Count occurrences, then pick the highest.
Build a frequency map: loop the array and tally each value.
Track the item with the highest count as you go, or scan the map afterward.
Return that item.
Efficient: a Map or plain object as the counter gives an O(n) solution.
// Method 1: Object as frequency map
function mostFrequent(arr) {
const freq = {};
let maxCount = 0;
let maxElement = null;
for (const item of arr) {
freq[item] = (freq[item] || 0) + 1;
if (freq[item] > maxCount) {
maxCount = freq[item];
maxElement = item;
}
}
return { element: maxElement, count: maxCount };
}
console.log(mostFrequent([1, 3, 2, 1, 4, 1, 3, 3, 3]));
// { element: 3, count: 4 }
// Method 2: Using reduce
function mostFrequentReduce(arr) {
const freq = arr.reduce((acc, item) => {
acc[item] = (acc[item] || 0) + 1;
return acc;
}, {});
return Object.entries(freq).reduce((max, [key, count]) =>
count > max[1] ? [key, count] : max
, ['', 0]);
}
// Method 3: Using Map (handles any type)

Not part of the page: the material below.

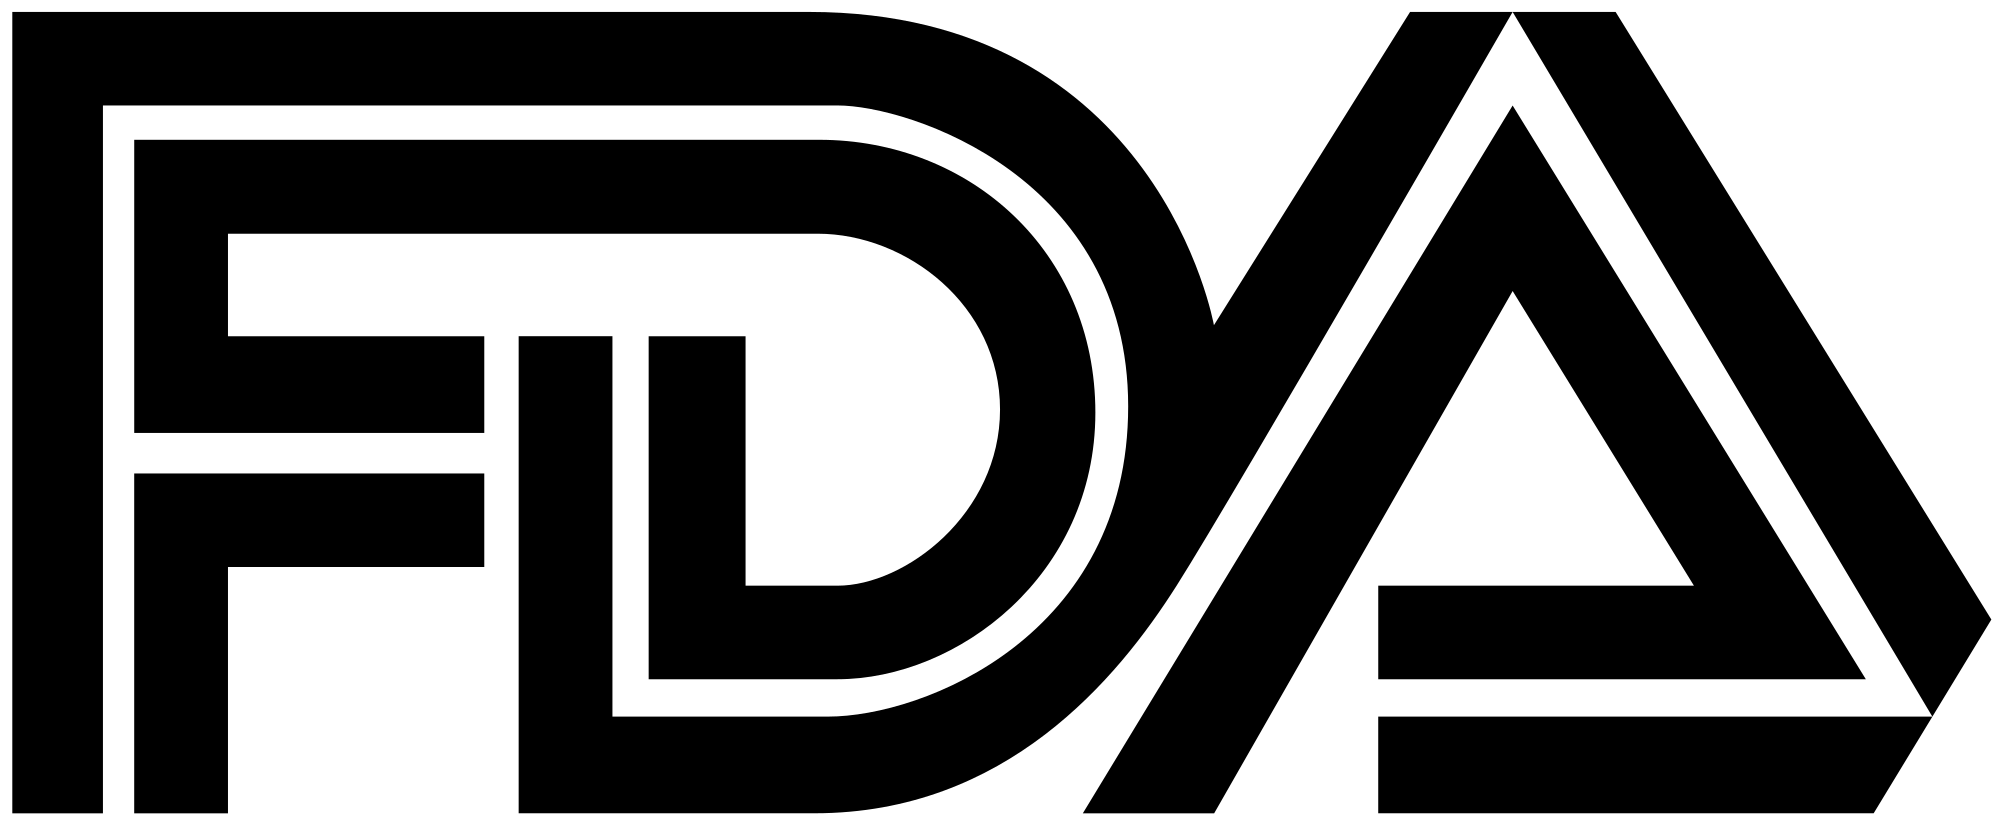 FDA Official Logo - Food and Drug Administration logo.svg

function mostFrequentMap(arr) {
const map = new Map();
for (const item of arr) {
map.set(item, (map.get(item) || 0) + 1);
}
return [...map.entries()].sort((a, b) => b[1] - a[1])[0];
}Method 1 builds a frequency object in one pass (O(n)), tracking the max as it goes. Method 2 uses reduce for the frequency map, then Object.entries + reduce to find the max.
Method 3 uses Map (handles non-string keys like objects). All are O(n) time, O(n) space.
The single-pass approach (tracking max while building frequency map) is optimal. O(n) time, O(n) space. The reduce version is more concise.
Use Map instead of Object when keys might not be strings. Show both approaches for completeness.